Data: Begin
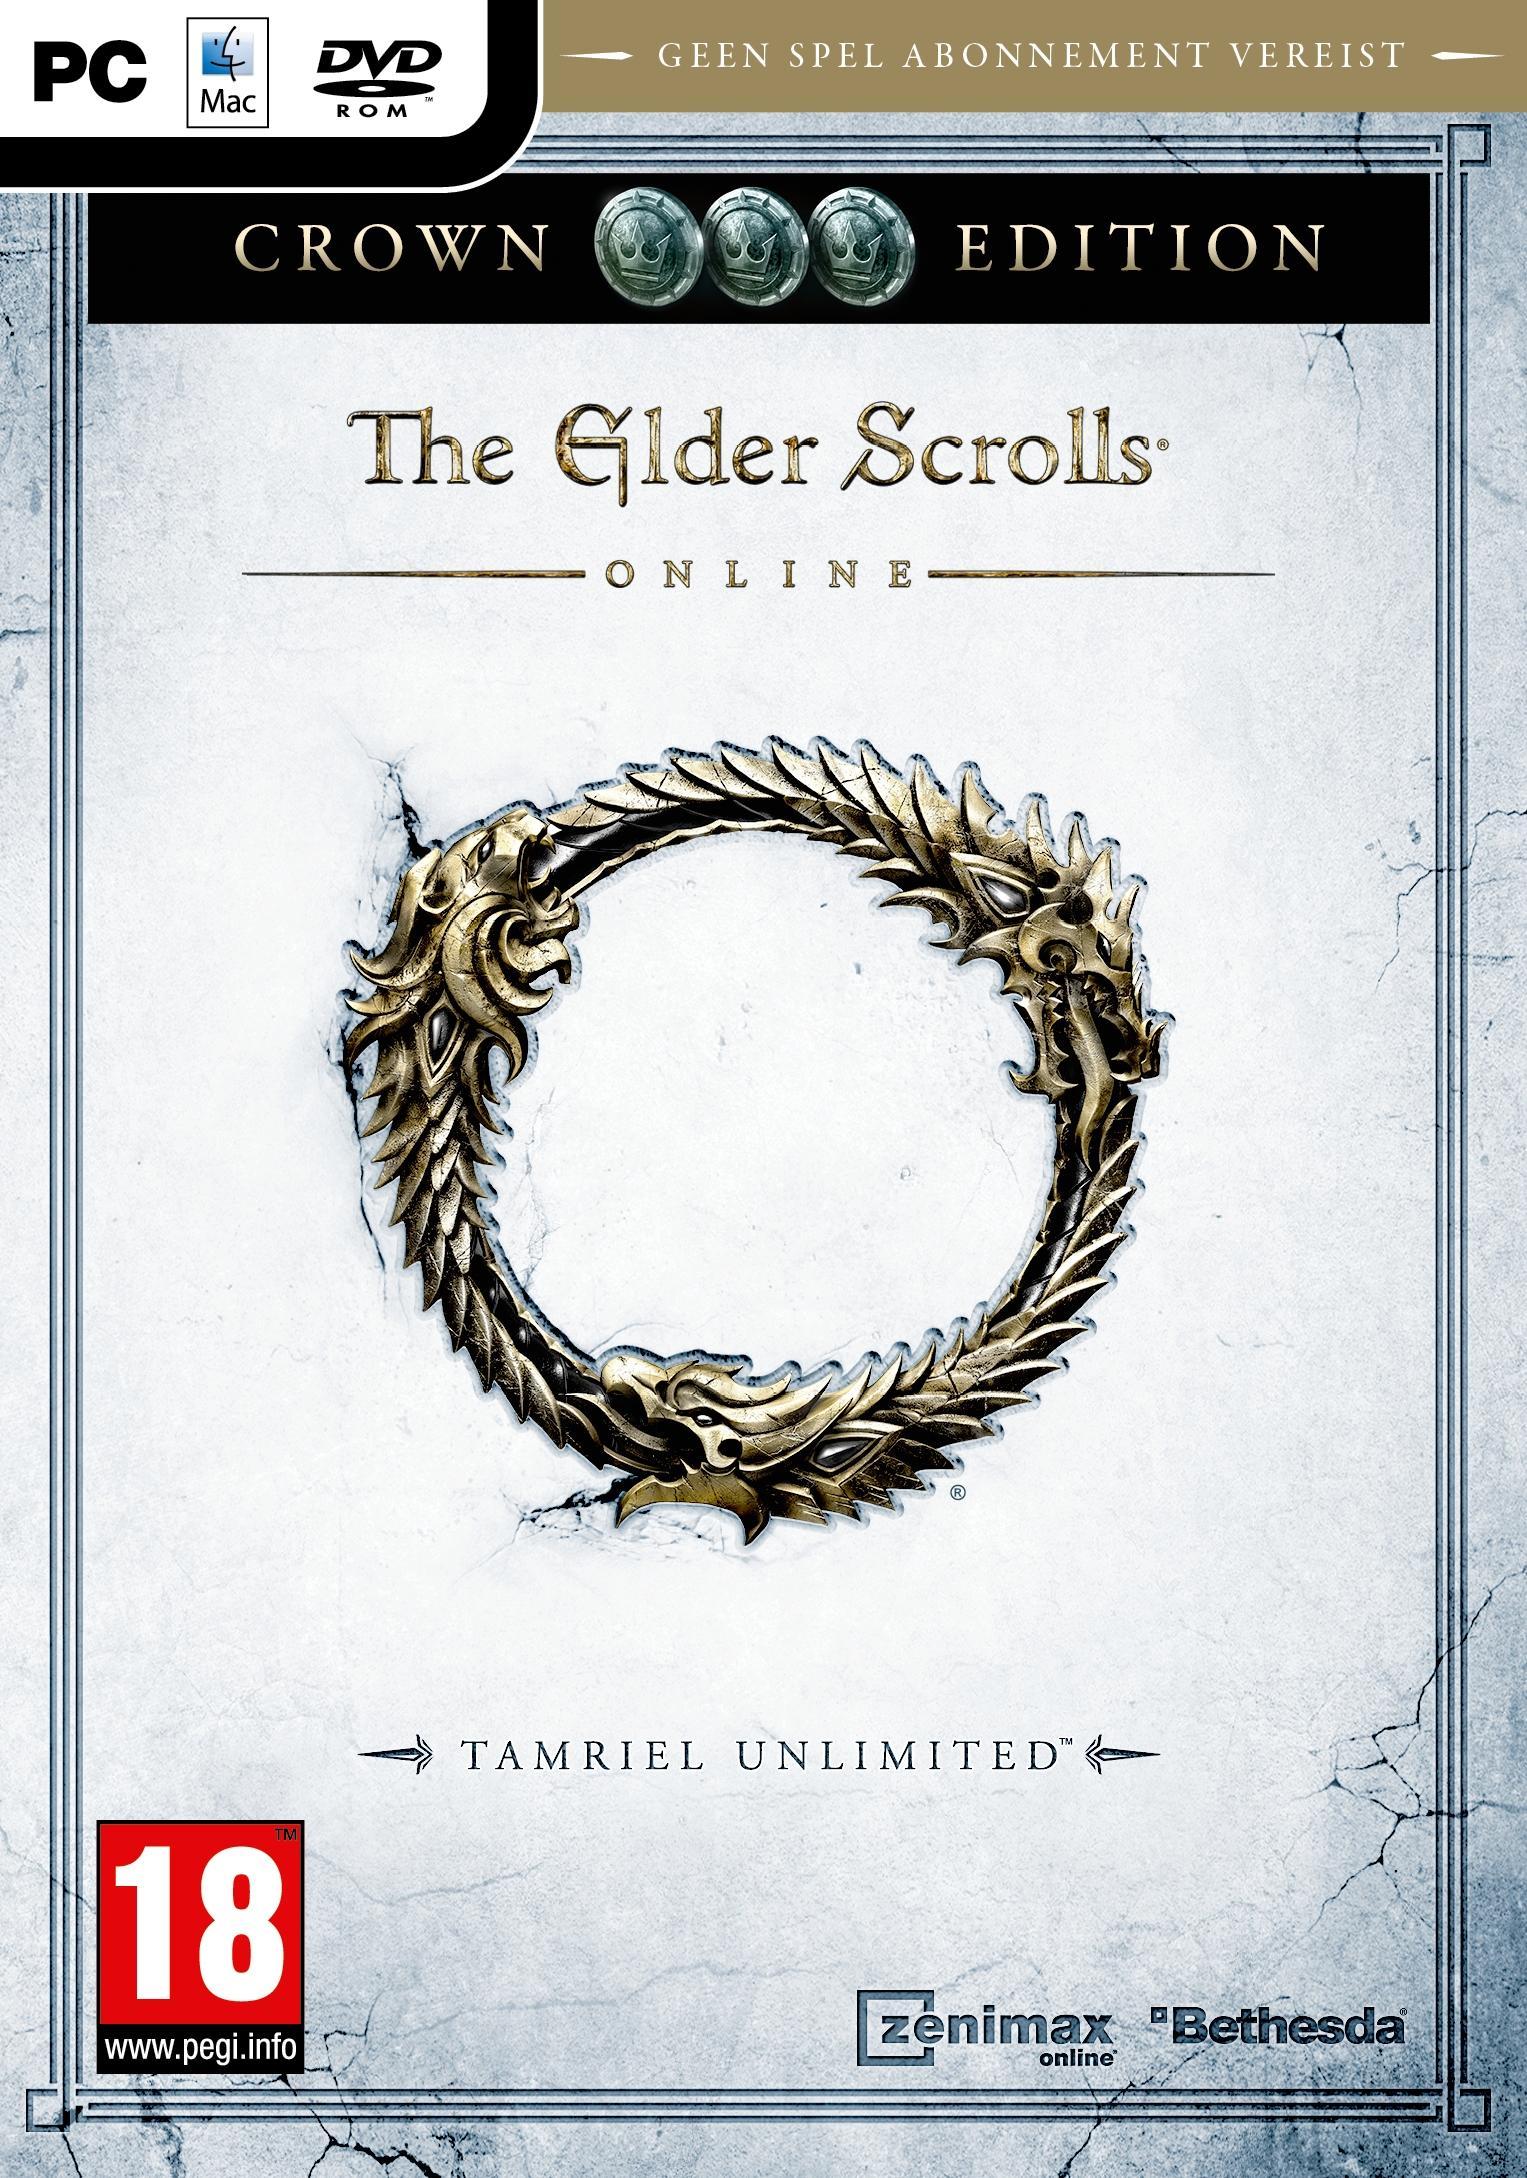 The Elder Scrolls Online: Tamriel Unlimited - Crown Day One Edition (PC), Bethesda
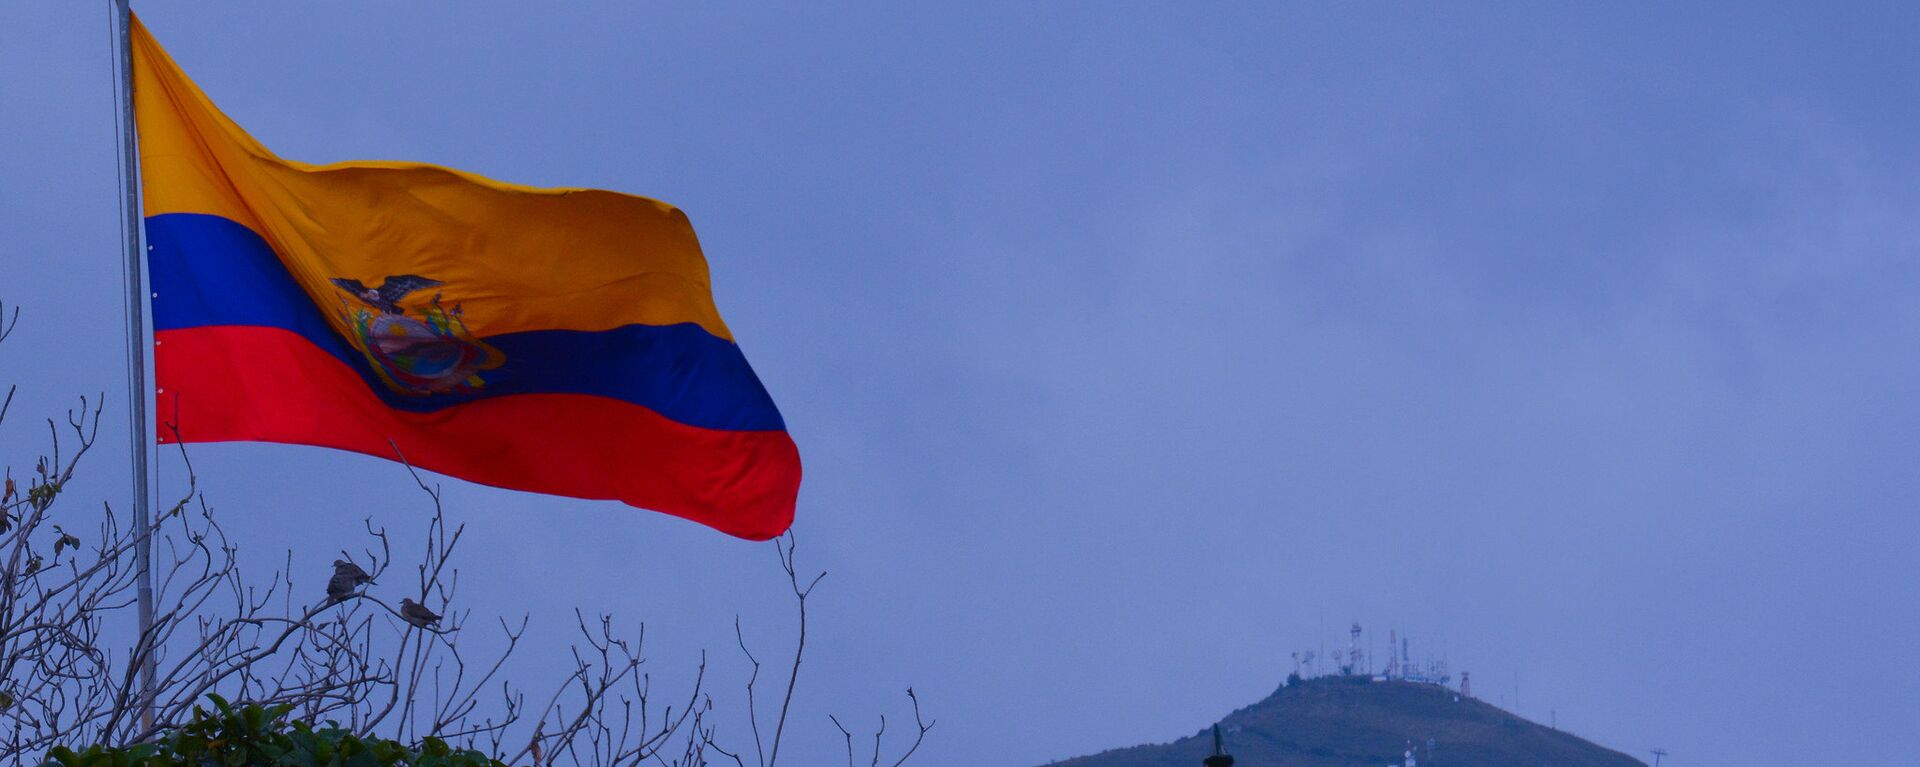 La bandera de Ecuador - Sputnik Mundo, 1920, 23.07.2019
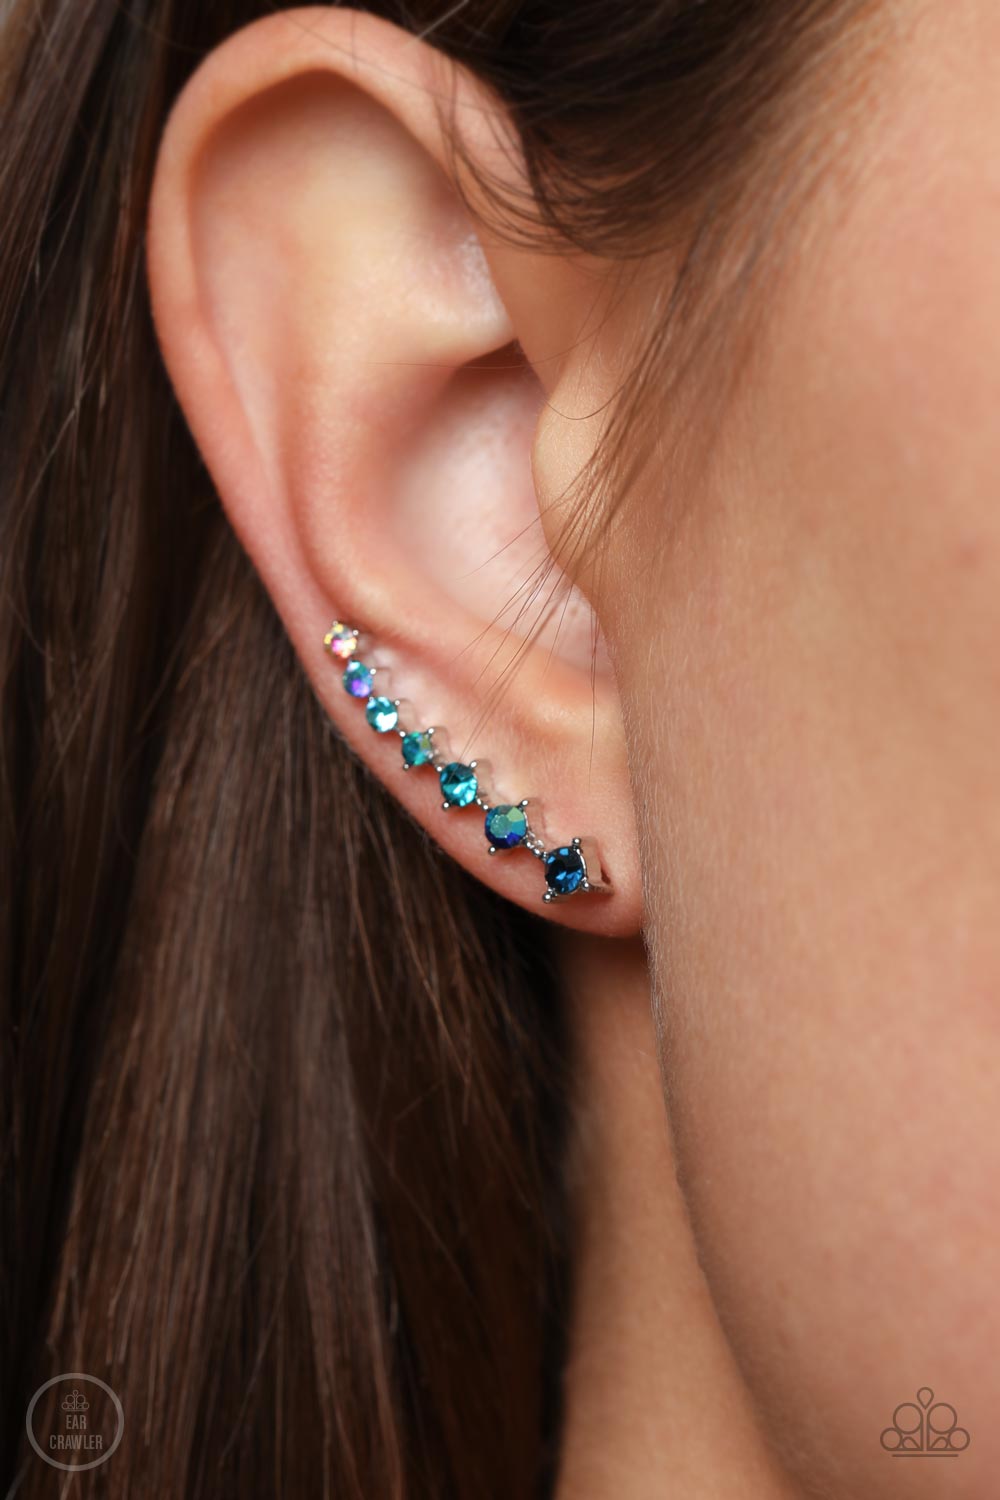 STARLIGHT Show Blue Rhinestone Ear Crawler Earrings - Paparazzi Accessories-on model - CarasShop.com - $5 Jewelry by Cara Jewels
Data: End
[Description of the task]:
Return the material above verbatim. Pictures are to be excluded.

[Written response]:
 The Elder Scrolls Online: Tamriel Unlimited - Crown Day One Edition (PC), Bethesda
 La bandera de Ecuador - Sputnik Mundo, 1920, 23.07.2019
 STARLIGHT Show Blue Rhinestone Ear Crawler Earrings - Paparazzi Accessories-on model - CarasShop.com - $5 Jewelry by Cara Jewels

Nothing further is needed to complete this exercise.